Statistically speaking, is a Poisson distribution even appropriate? Our model became founded on the realization that the number targets could well per chance even be accurately expressed as a Poisson distribution. If that assumption is misguided, then the model outputs shall be unreliable. Given a Poisson distribution with point out , then the different of occasions in half that time duration follows a Poisson distribution with point out /2. In football terms, in accordance to our Poisson model, there could well per chance peaceable be an equal different of targets within the predominant and 2nd halves. Unfortunately, that doesn’t seem to select upright.
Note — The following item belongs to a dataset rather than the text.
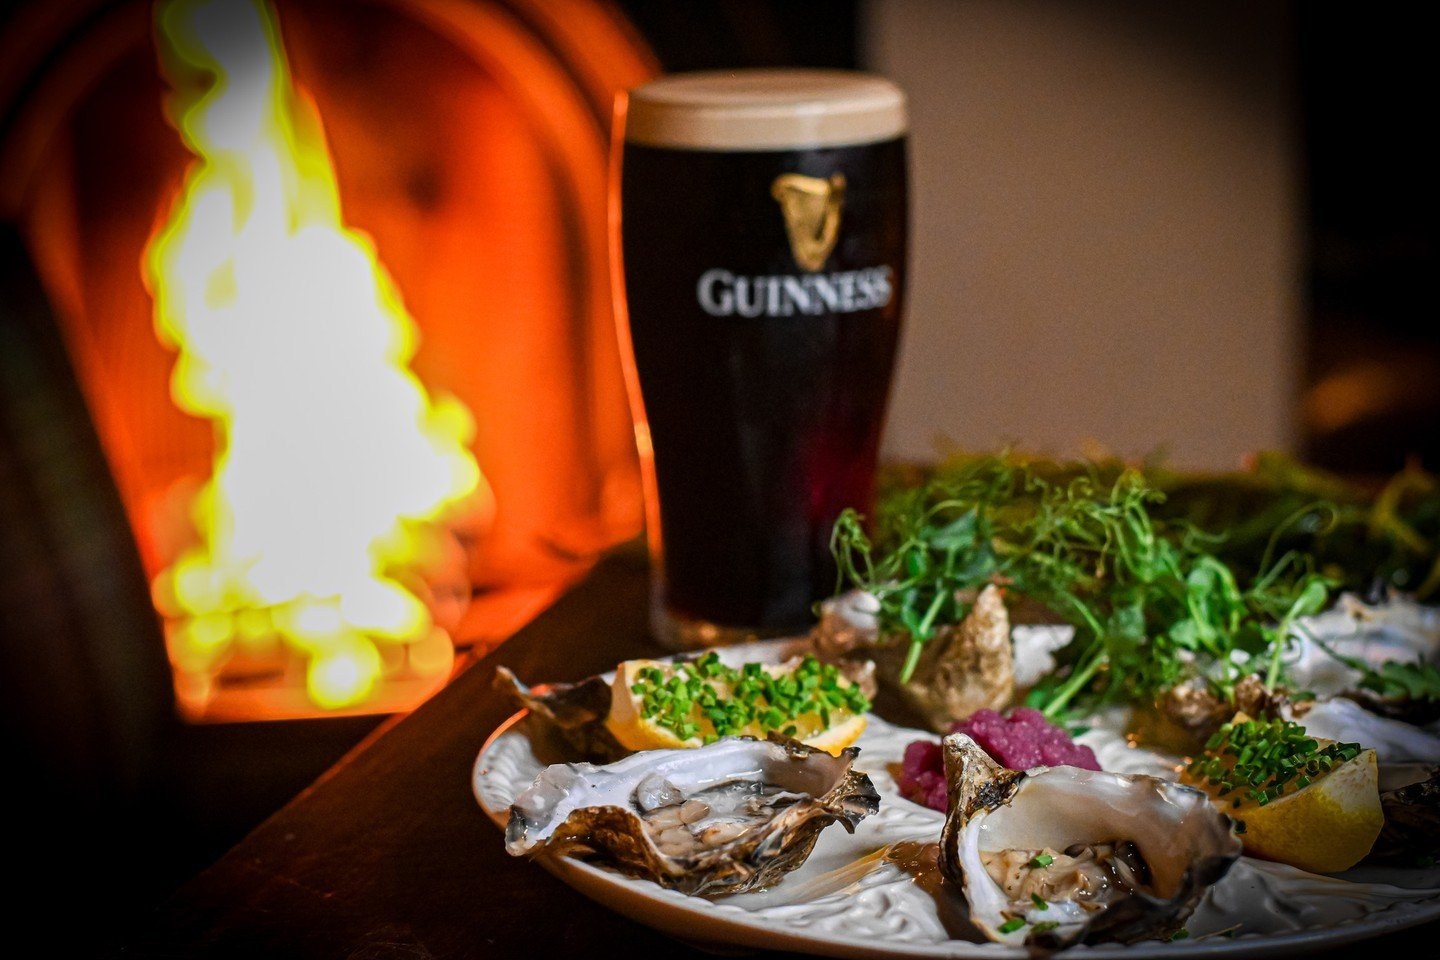 Fresh Clew Bay oysters and a pint of Guinness at The Tavern

epl_1617_halves = pd.read_csv("")
epl_1617_halves = epl_1617_halves[['FTHG', 'FTAG', 'HTHG', 'HTAG']]
epl_1617_halves['FHgoals'] = epl_1617_halves['HTHG'] + epl_1617_halves['HTAG']
epl_1617_halves['SHgoals'] = epl_1617_halves['FTHG'] + epl_1617_halves['FTAG'] - 
epl_1617_halves = epl_1617_halves[['FHgoals', 'SHgoals']]

We luxuriate in now irrefutable proof that violates a traditional assumption of our model, rendering this complete submit as pointless as Sunderland!!! Or we are able to create on our coarse first strive. Moderately than a in point of fact easy univariate Poisson model, we also can wish more success with a bivariate Poisson distriubtion. The Weibull distribution has additionally been proposed as a viable different. These also can very smartly be topics for future blog posts.


We constructed a in point of fact easy Poisson model to foretell the implications of English Premier League suits. Despite its inherent flaws, it recreates several parts that could well per chance be a necessity for any predictive football model (dwelling profit, varying offensive strengths and opposition high quality). In conclusion, don’t wager the rent money, however it’s a true starting level for more refined life like objects. Thanks for finding out!

Read More

Leave A Reply

Your email address will not be published.